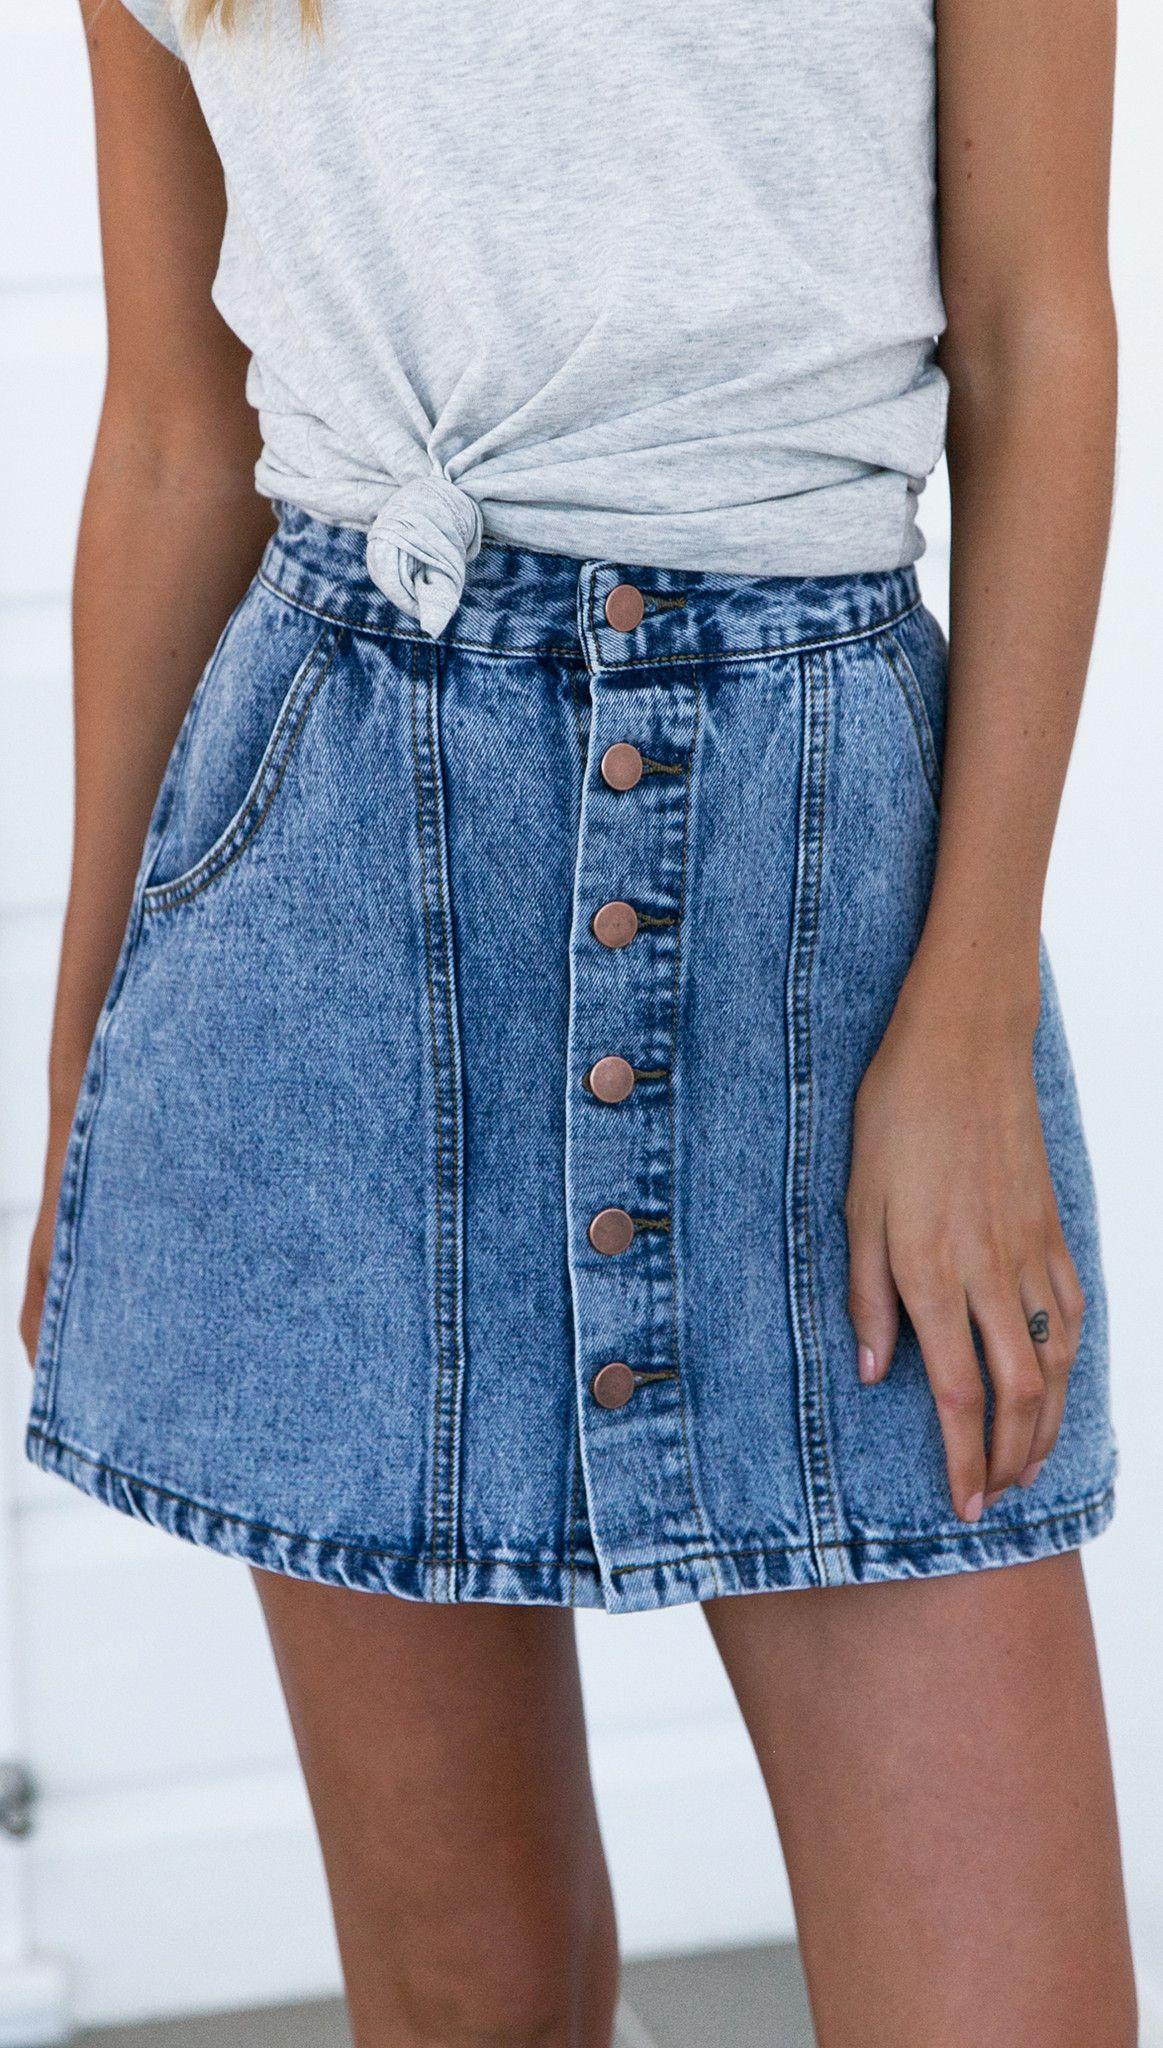 Northern Blues Skirt
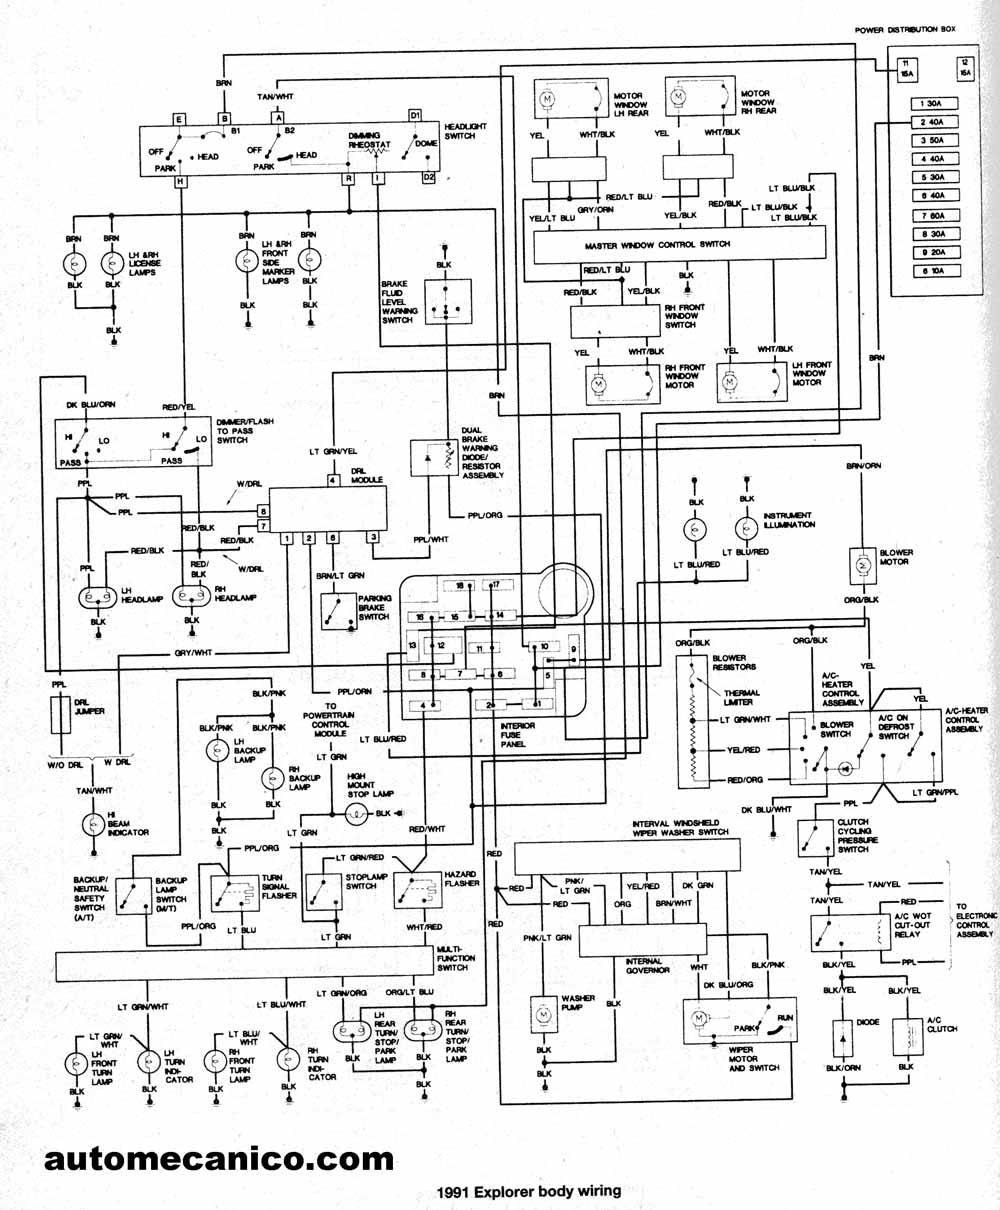 automecanico ford
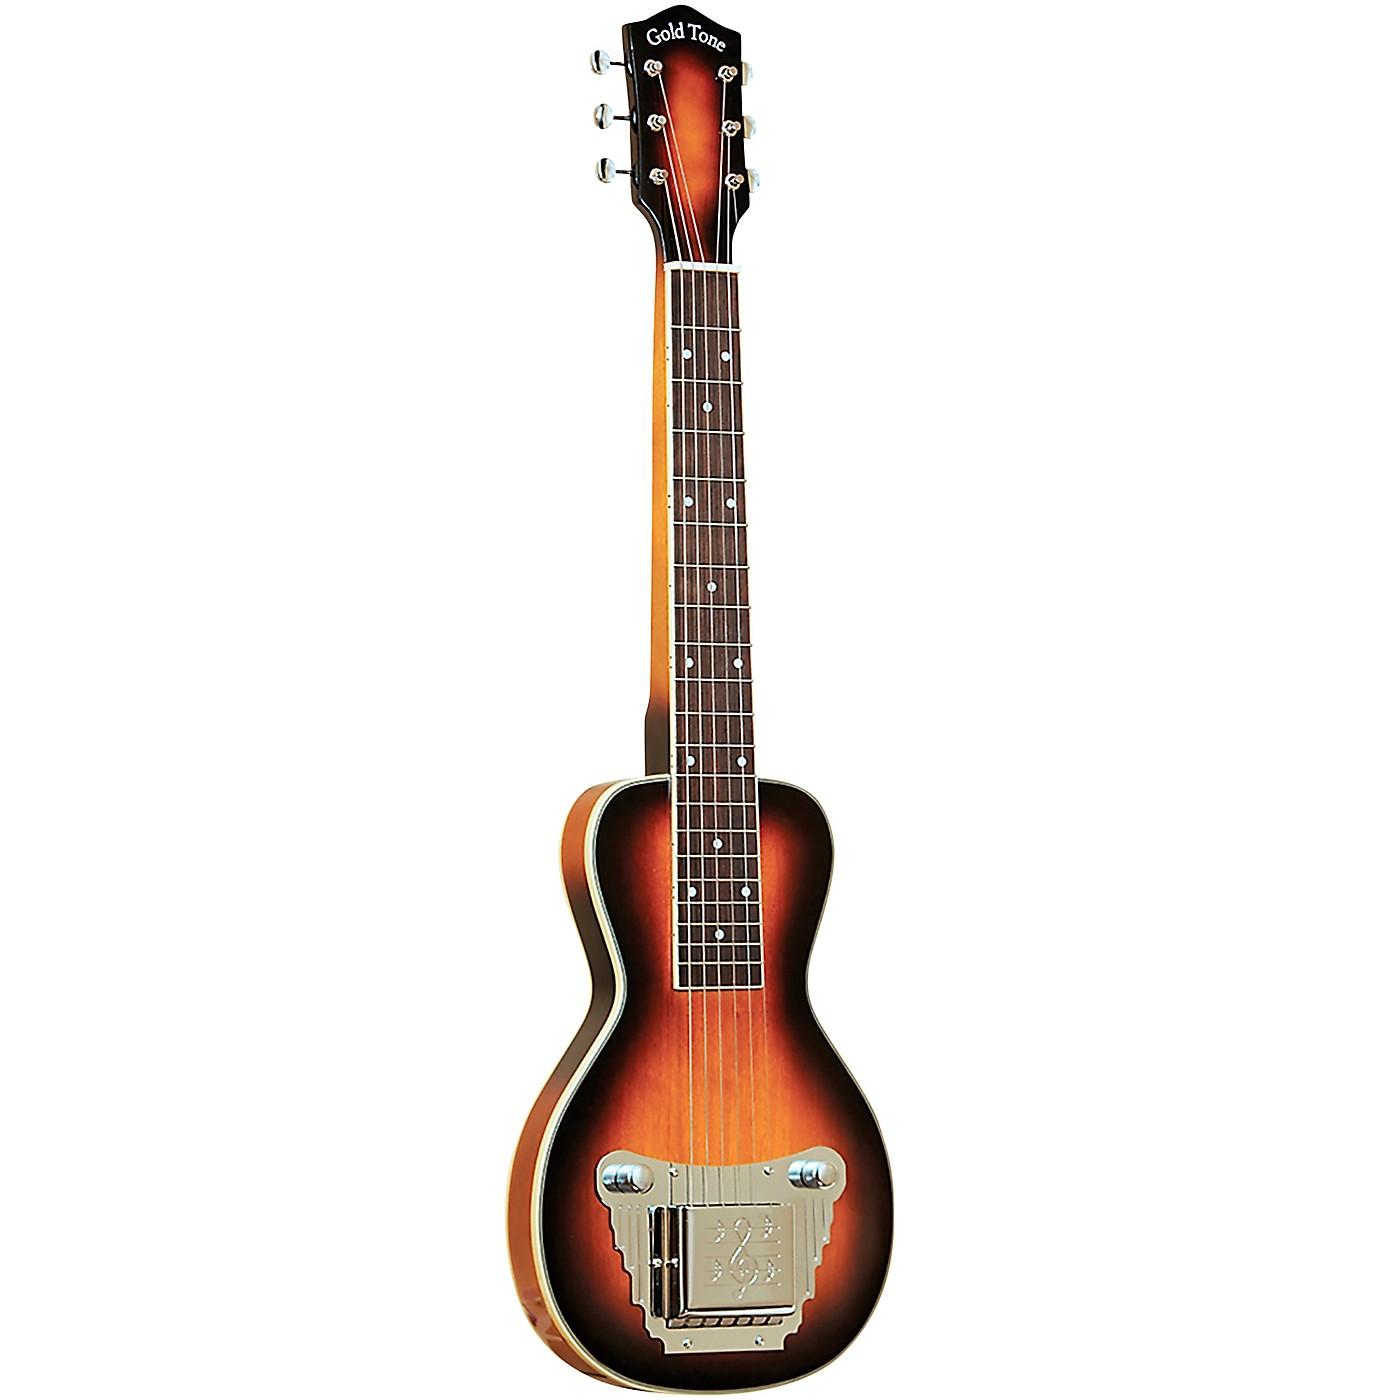 Gold Tone LS-6/L Left-Handed Lap Steel Guitar thumbnail
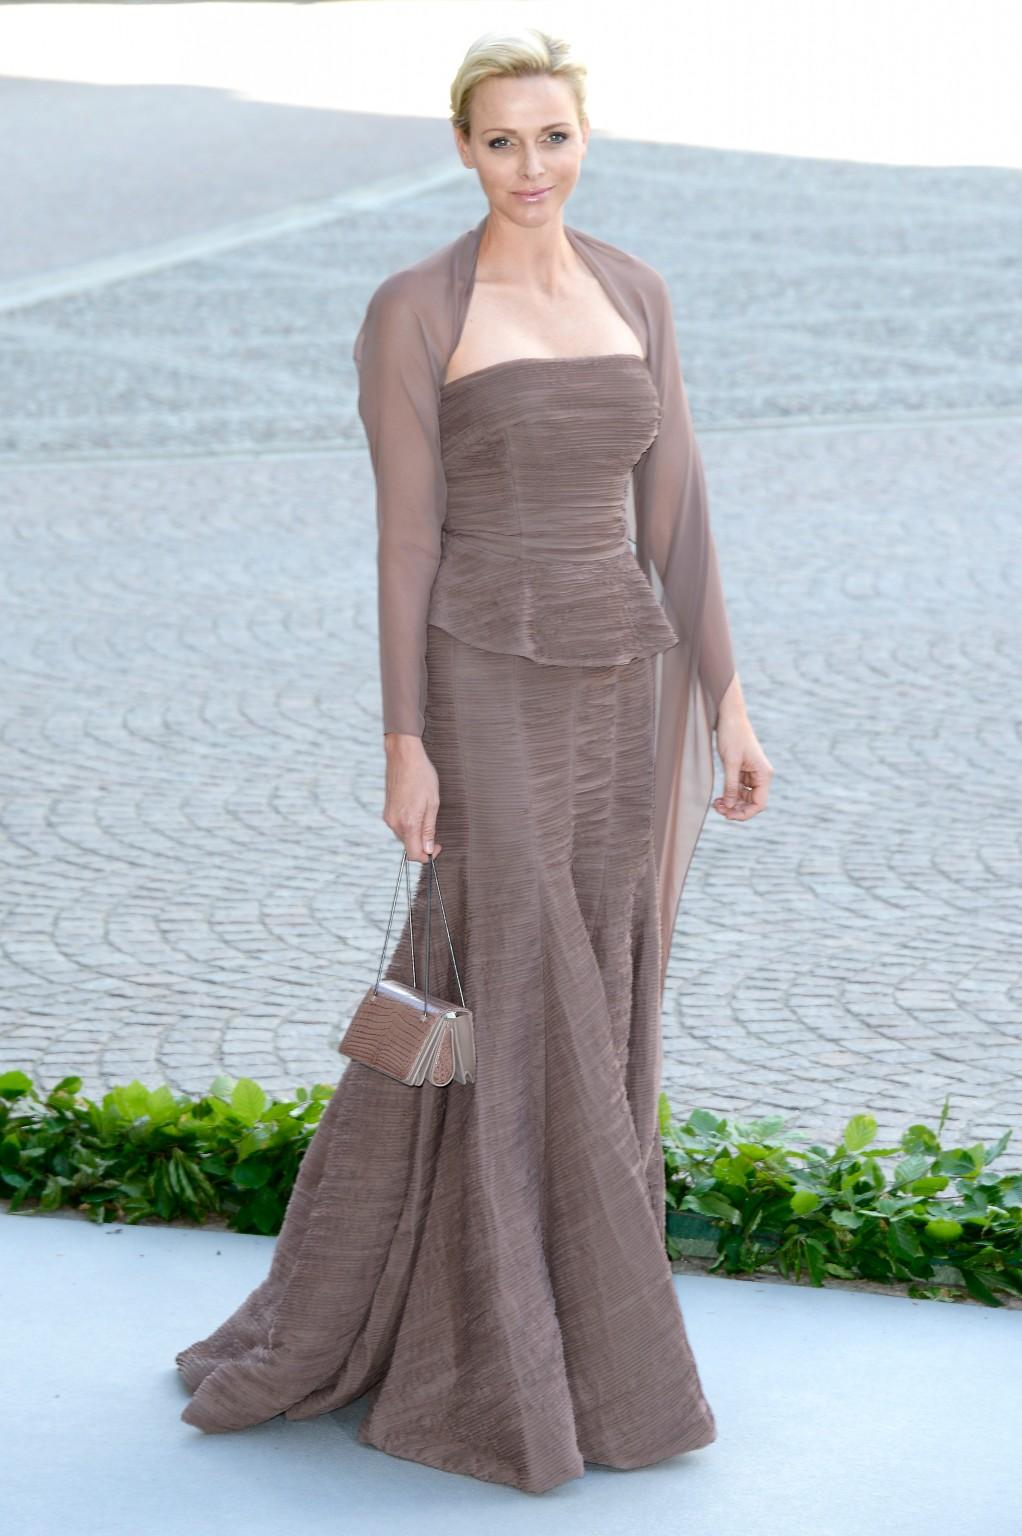 Princess_Charlene_of_Monaco

^^^^^^^^

(TASK REQUIREMENTS) Give the data again exactly as written, with all pictures left out.

(ANSWER TO THIS EXERCISE)
 Northern Blues Skirt
 automecanico ford
 Gold Tone LS-6/L Left-Handed Lap Steel Guitar thumbnail
 Princess_Charlene_of_Monaco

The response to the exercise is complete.